YOUR TASK: Each line between the one holding "Blue Buffalo Wilderness" and the end of the material below, both included, is to be transcribed word for word, with pictures left out.

*** STORED DATA ***

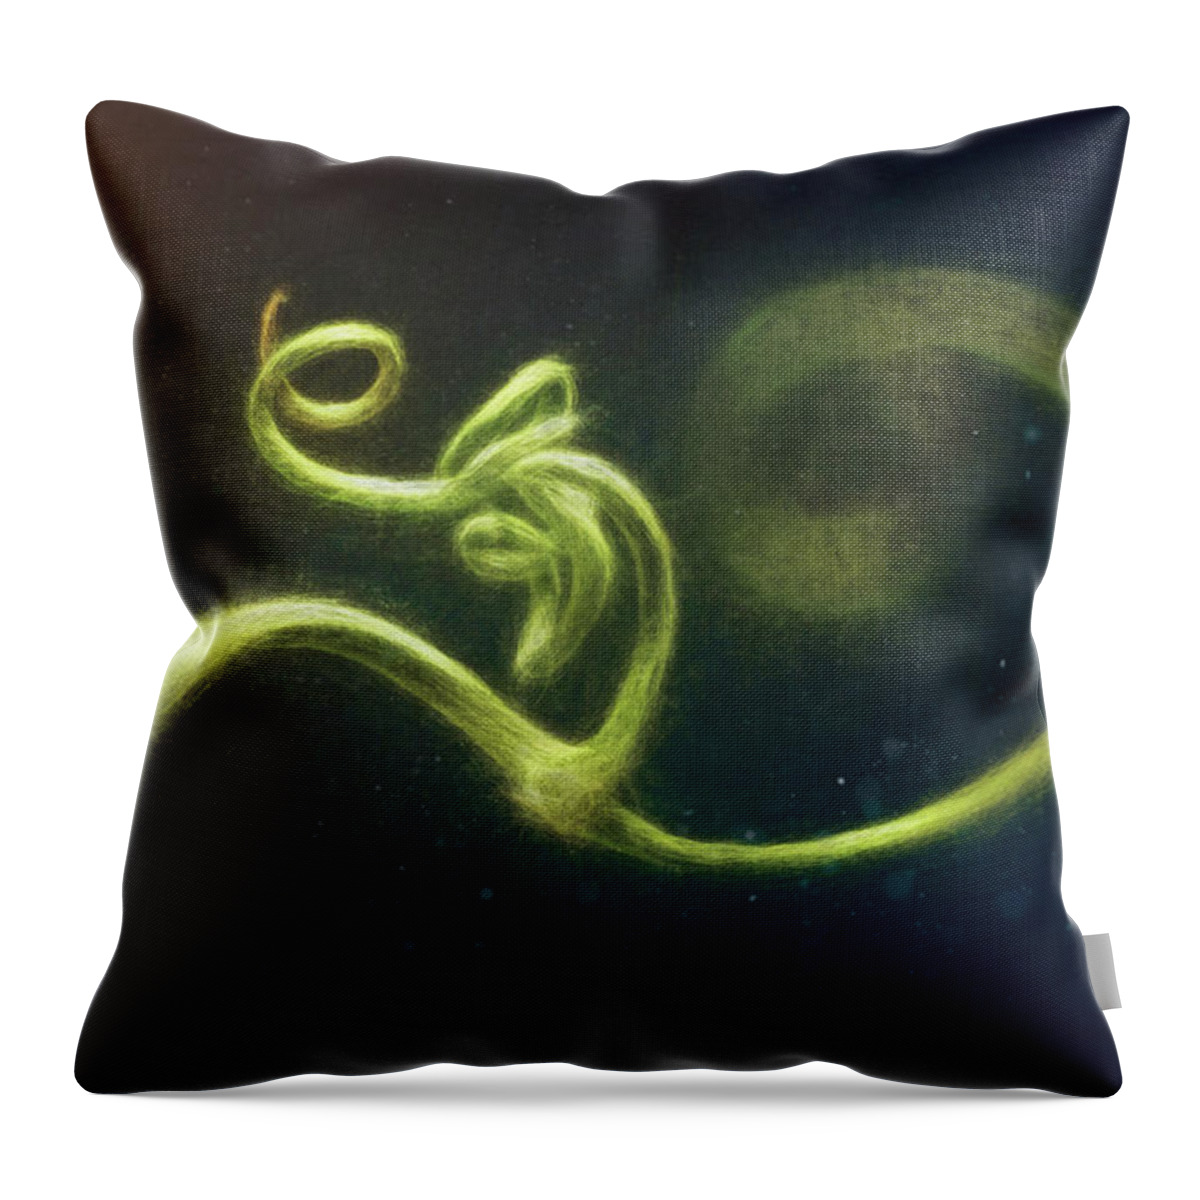 Pea Throw Pillow featuring the photograph Spiral by Scott Norris
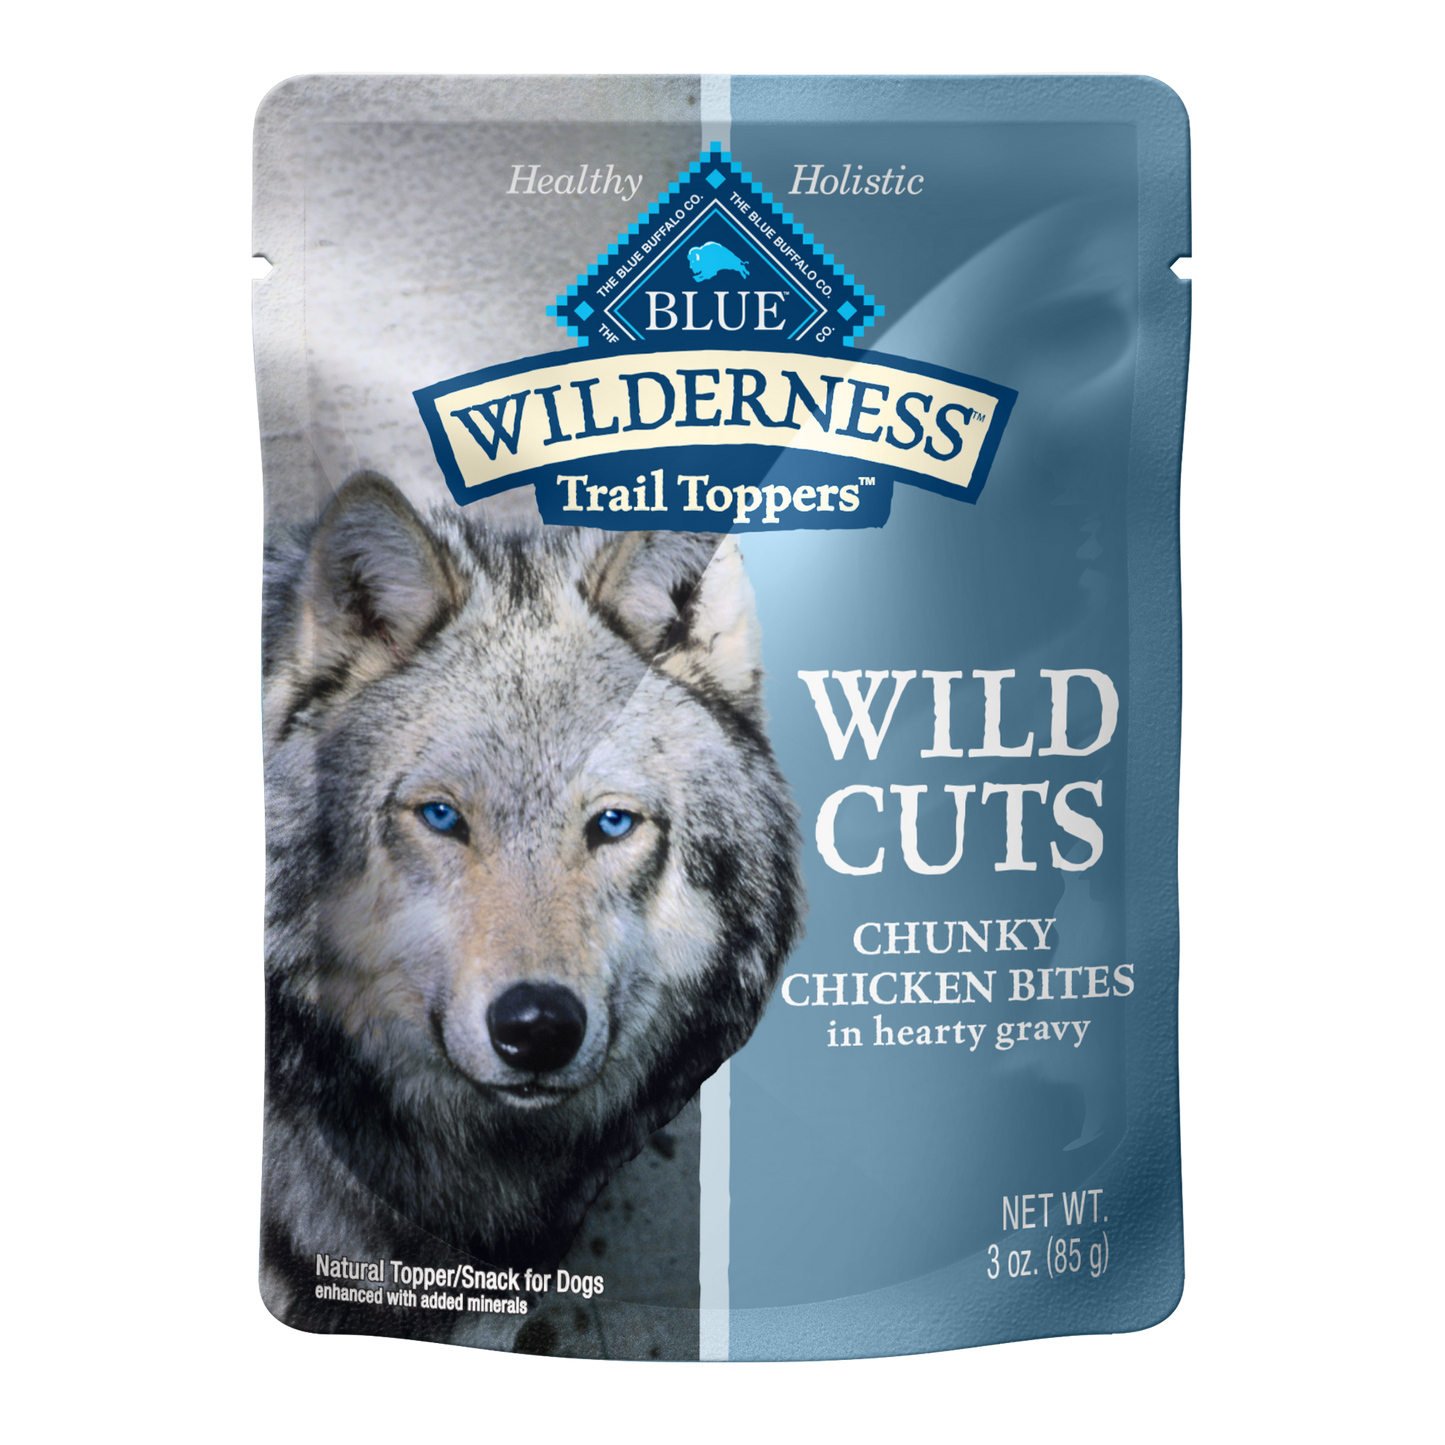 Blue Buffalo Wilderness Trail Toppers Wild Cuts High Protein, Natural Wet Dog Food, Chunky Chicken Bites in Hearty Gravy 3-oz pouches, Case of 24
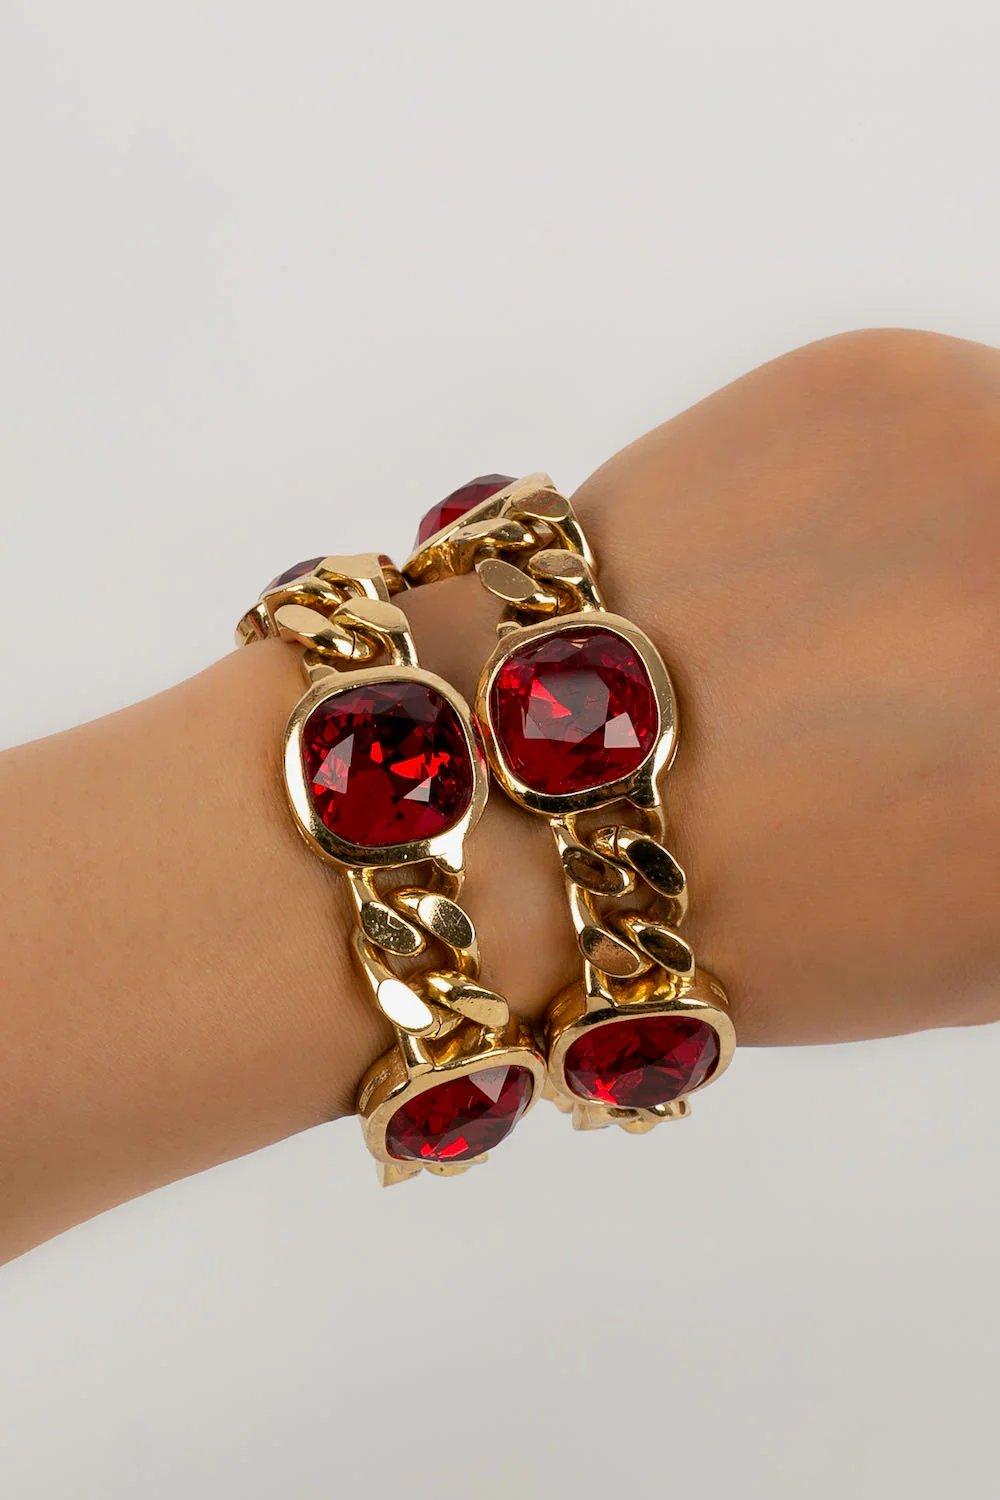 Christian Dior Golden Metal Bracelet with Red Rhinestones For Sale 2
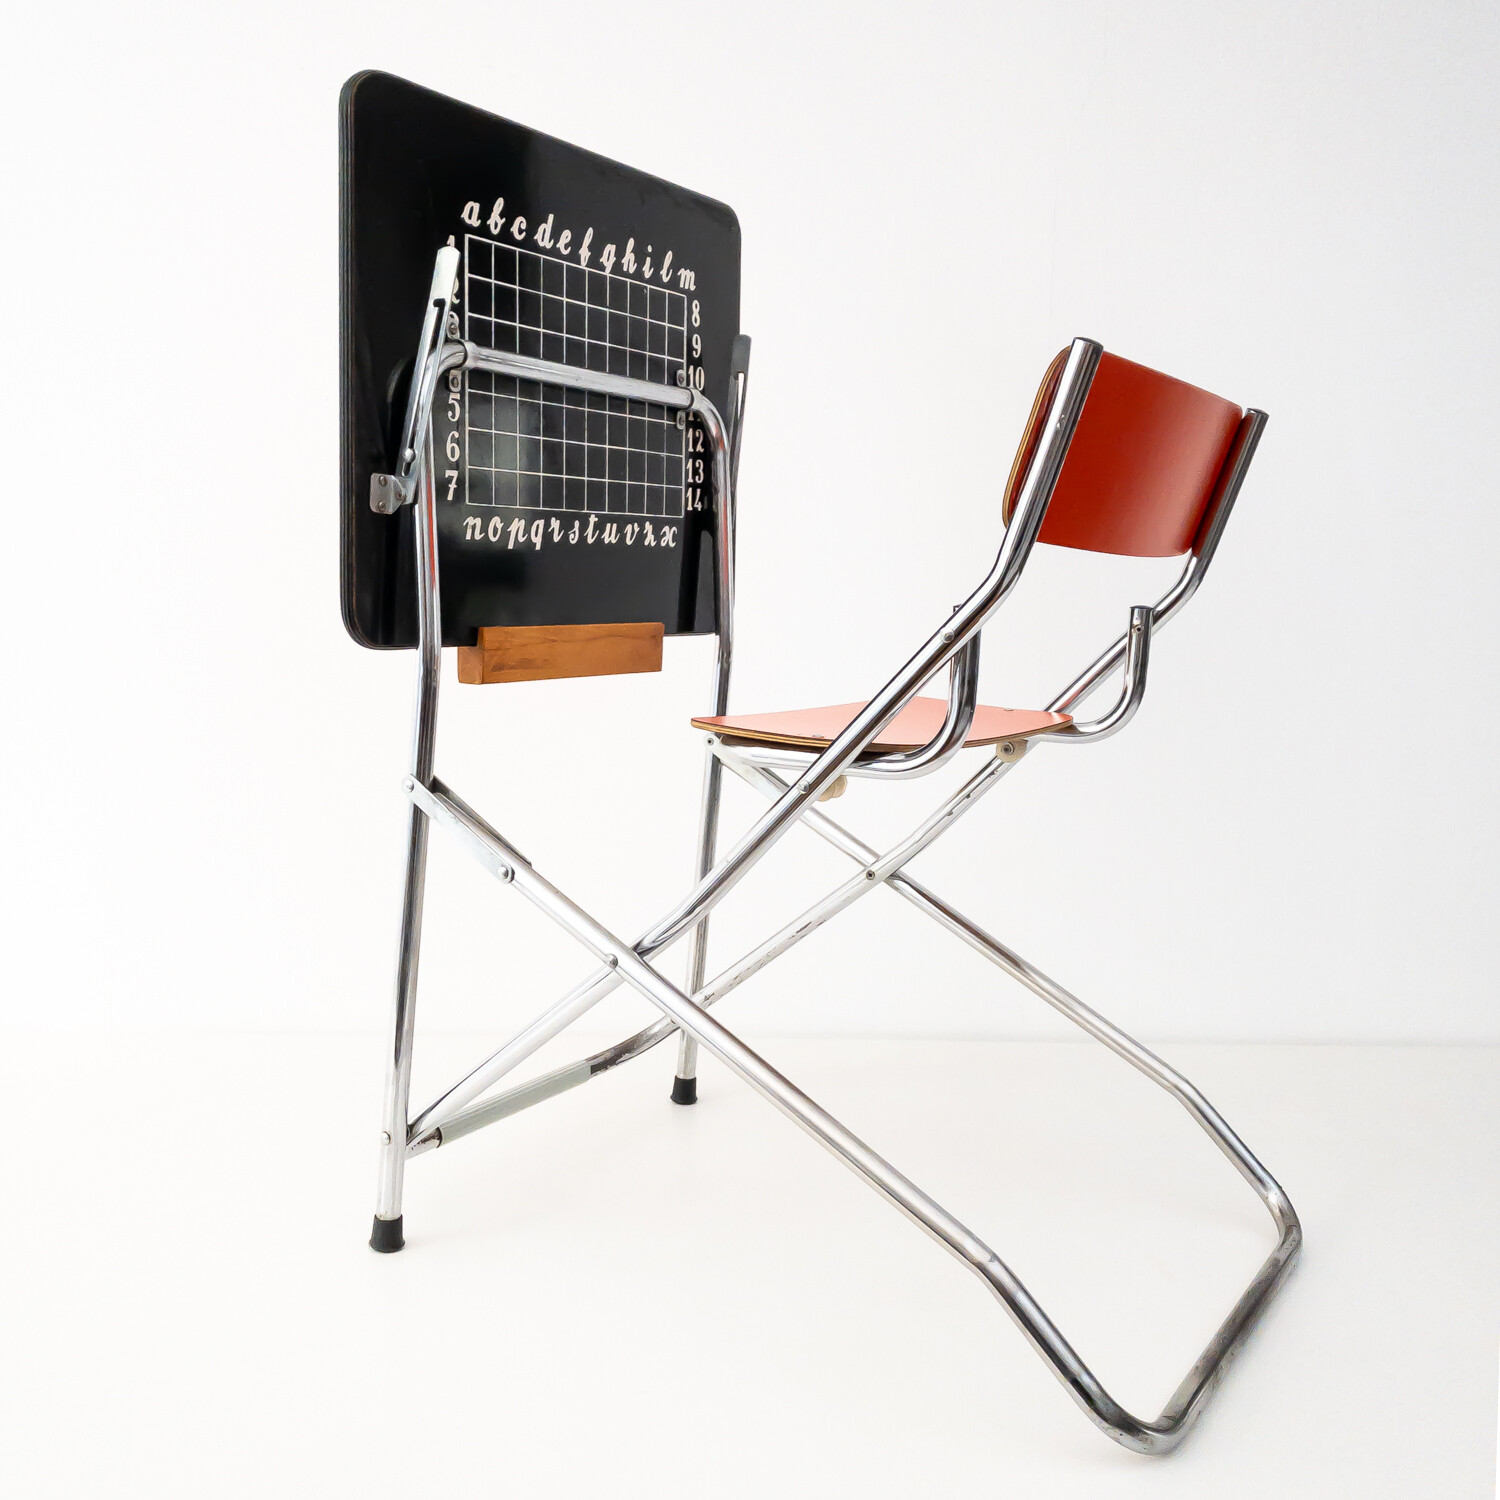 School desk with folding chair from the 1960s

***

TASK ANSWER:
 Blue Buffalo Wilderness Trail Toppers Wild Cuts High Protein, Natural Wet Dog Food, Chunky Chicken Bites in Hearty Gravy 3-oz pouches, Case of 24
 Christian Dior Golden Metal Bracelet with Red Rhinestones For Sale 2
 School desk with folding chair from the 1960s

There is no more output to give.